» Exercise brief:
Down to the last line, transcribe the records verbatim and exclude the images.

Extracted records:
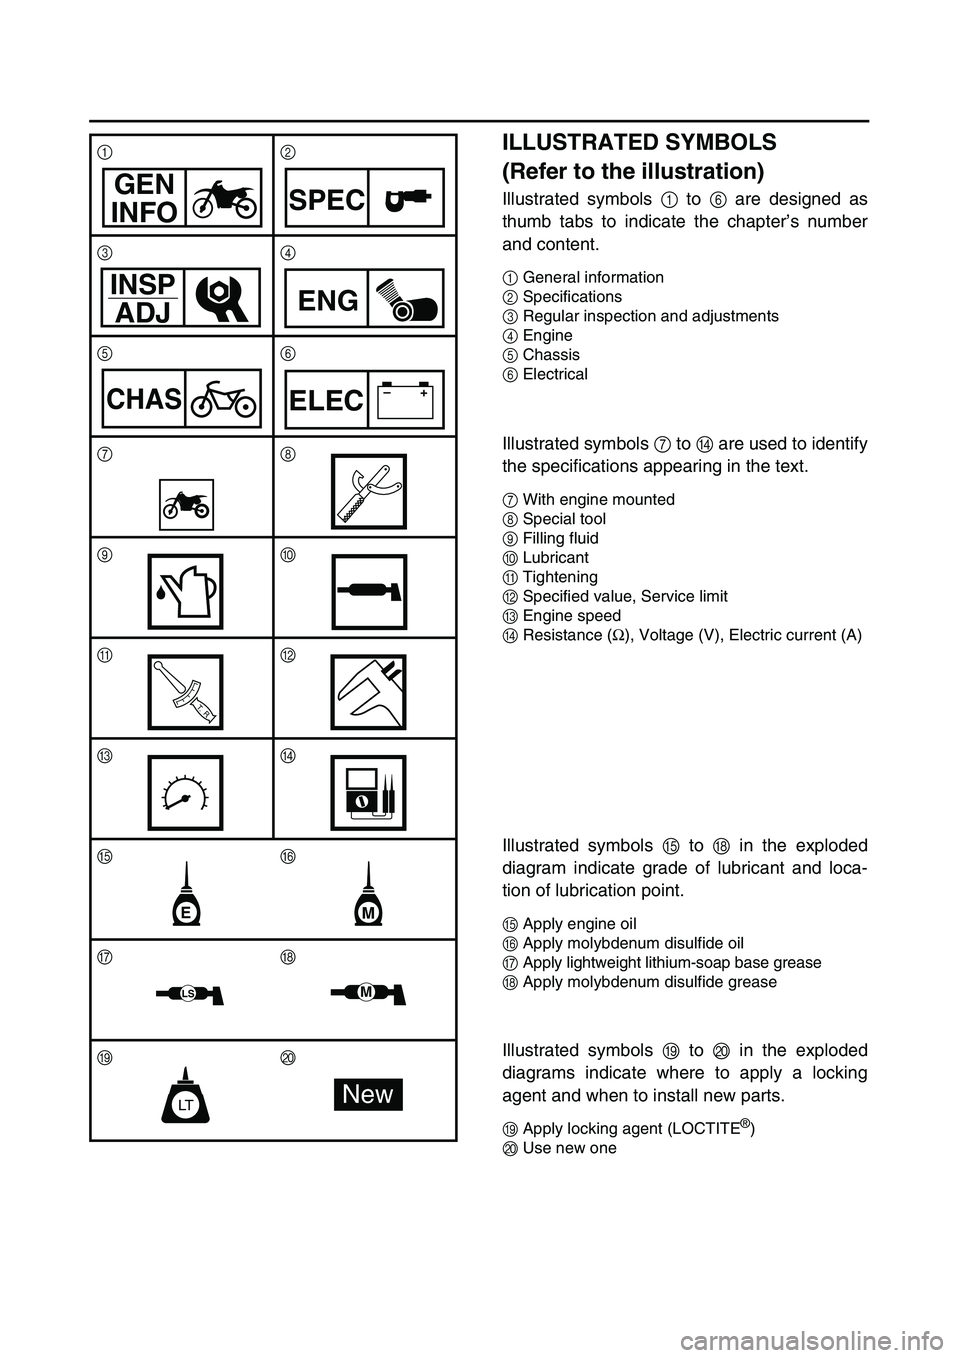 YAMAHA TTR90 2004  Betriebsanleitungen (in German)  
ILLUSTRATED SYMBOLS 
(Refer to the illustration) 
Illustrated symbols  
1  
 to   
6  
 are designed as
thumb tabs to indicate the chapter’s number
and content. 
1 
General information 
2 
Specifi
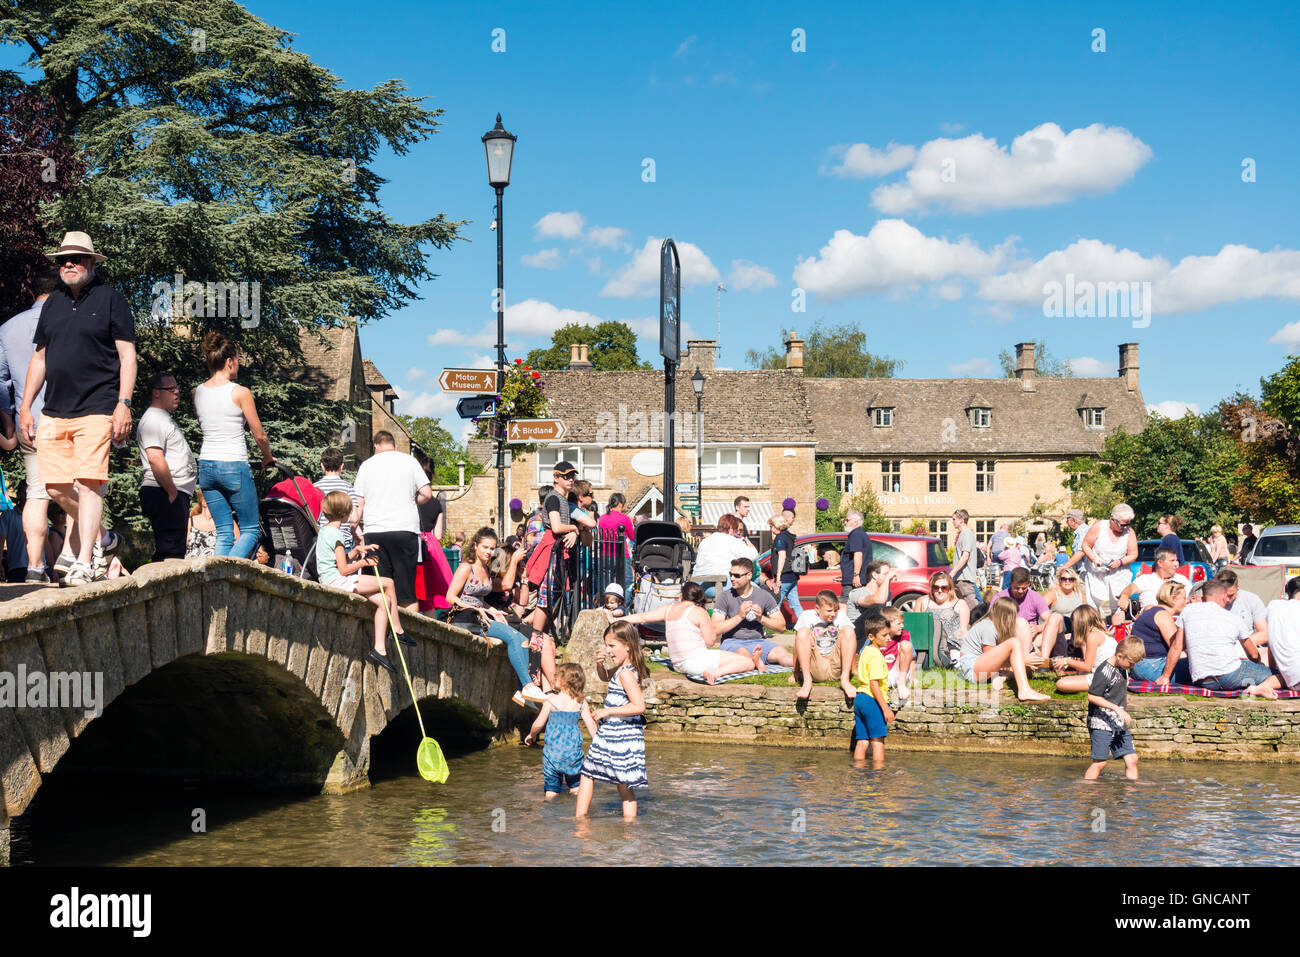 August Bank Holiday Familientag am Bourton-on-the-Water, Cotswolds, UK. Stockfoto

» Output of the exercise:
 YAMAHA TTR90 2004  Betriebsanleitungen (in German)  
ILLUSTRATED SYMBOLS 
(Refer to the illustration) 
Illustrated symbols  
1  
 to   
6  
 are designed as
thumb tabs to indicate the chapter’s number
and content. 
1 
General information 
2 
Specifi
 August Bank Holiday Familientag am Bourton-on-the-Water, Cotswolds, UK. Stockfoto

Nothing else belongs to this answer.